Bird flu kills Thai boy; reports paint bleak picture in US

(Reuters)
Updated: 2005-12-09 15:37

BLEAK PICTURE

In the United States, a report from New Jersey based WBB Securities LLC predicted a pandemic there could cause a one-year economic loss of $488 billion and a permanent economic loss of $1.4 trillion to the U.S. economy.

The World Bank has predicted a pandemic could cost the global economy $800 billion a year. U.S. President George W. Bush released a $7.1 billion bird flu plan in November but Congress has yet to fund it.

If the virus mutates into a form which passes between humans, it would likely closely resemble the 1918 pandemic strain of flu that killed anywhere between 20 million and 100 million people during World War One, separate reports released on Thursday by the WBB and the Congressional Budget Office (CBO) said.

This means 30 percent of the population would be infected and more than 2 percent would die, the report from the CBO said.

"Further, CBO assumed that those who survived would miss three weeks of work, either because they were sick, because they feared the risk of infection at work, or because they needed to care of family or friends," the report reads.

Hospitals would have difficulty controlling infection and might become sources for spreading the illness, the CBO said -- a fear echoed by another group, the National Center for Policy Analysis.

The WBB report estimated 35 percent of the population would become ill and 5 percent would die.

"If the influenza affected humans at the same level of virulence as the current H5N1 strain, practically all patients would require hospitalization, which would result in a shortage of some 6.5 million hospital beds per day during the pandemic," the WBB report reads.

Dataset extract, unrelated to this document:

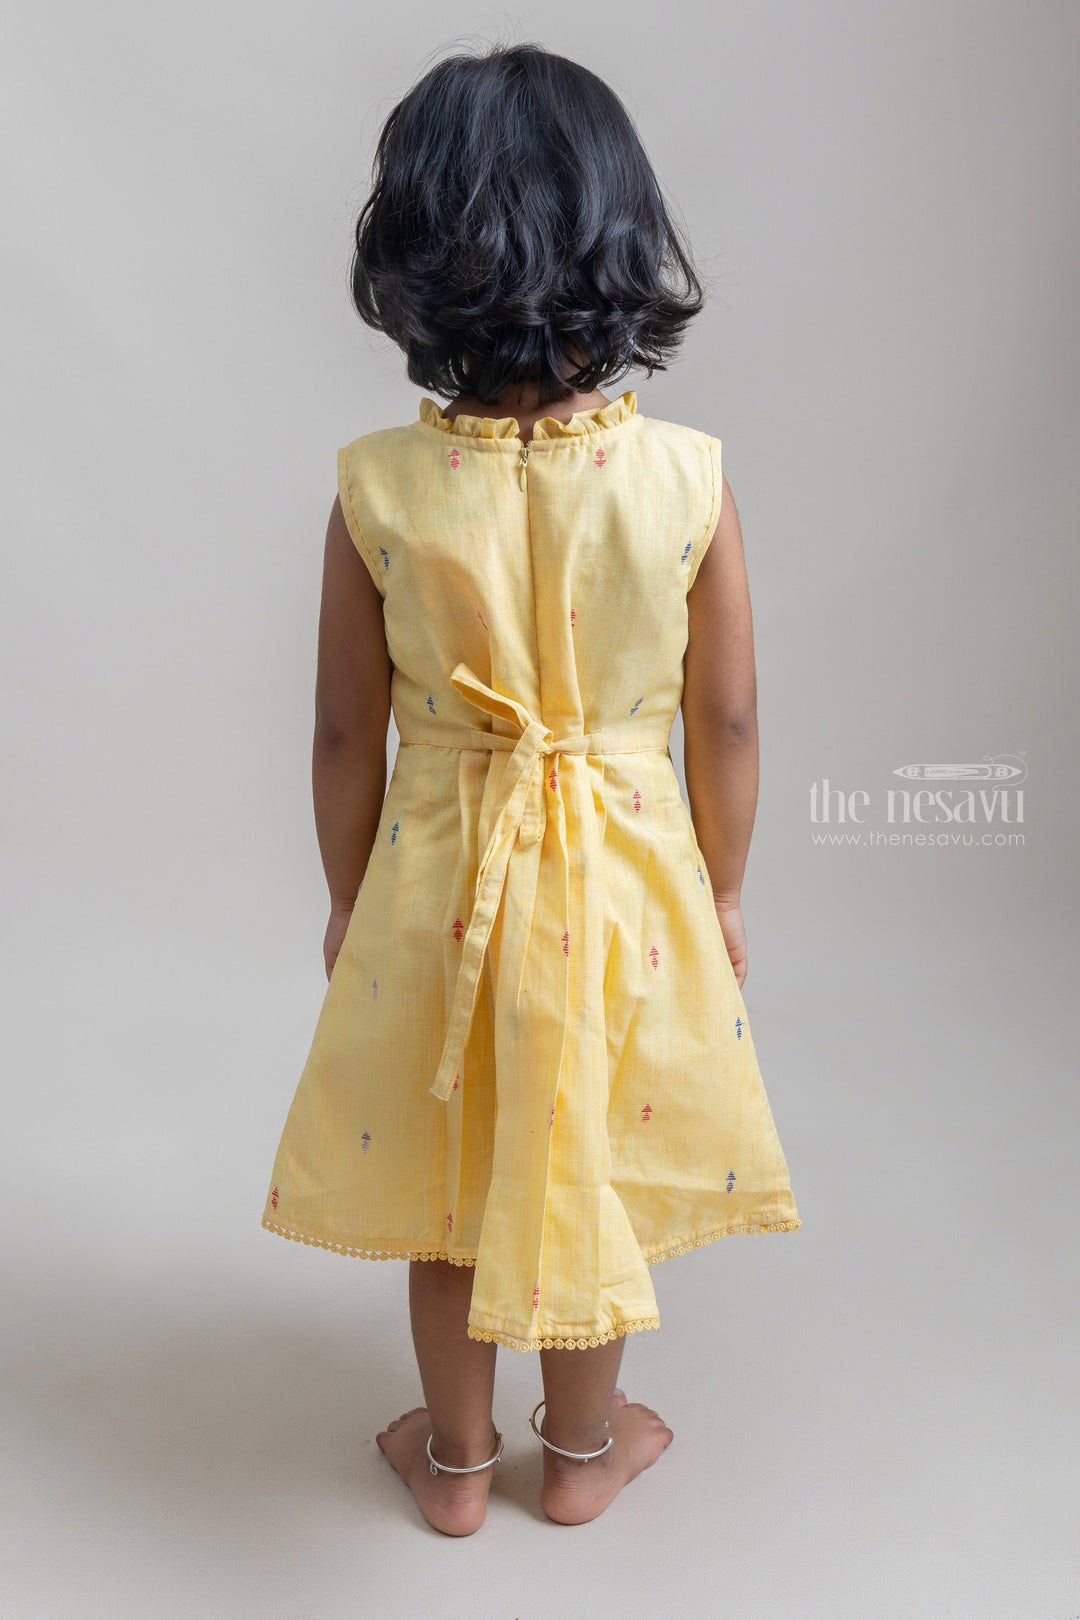 The Nesavu Frocks & Dresses Charming Yellow Sleeveless Pleated Casual Cotton Frock For Girls psr silks Nesavu

In a boost for countries seeking the antiviral drug Tamiflu, one of four drugs known to work against influenza, manufacturer Roche reached agreements with two U.S. generic drugmakers, as well as 13 other drug producers, U.S. Senator Charles Schumer said on Thursday.

The agreements are meant to allow more production of the drug, known generically as oseltamivir, in case of an avian flu pandemic, Schumer, a New York Democrat, said in a statement.

Countries are seeking to stockpile the drug but all are many million doses short of what would be needed to treat a pandemic.

Last month, the company said Indonesia, Thailand and the Philippines were free to begin making their own versions of the pill because it does not have patent protection in those countries.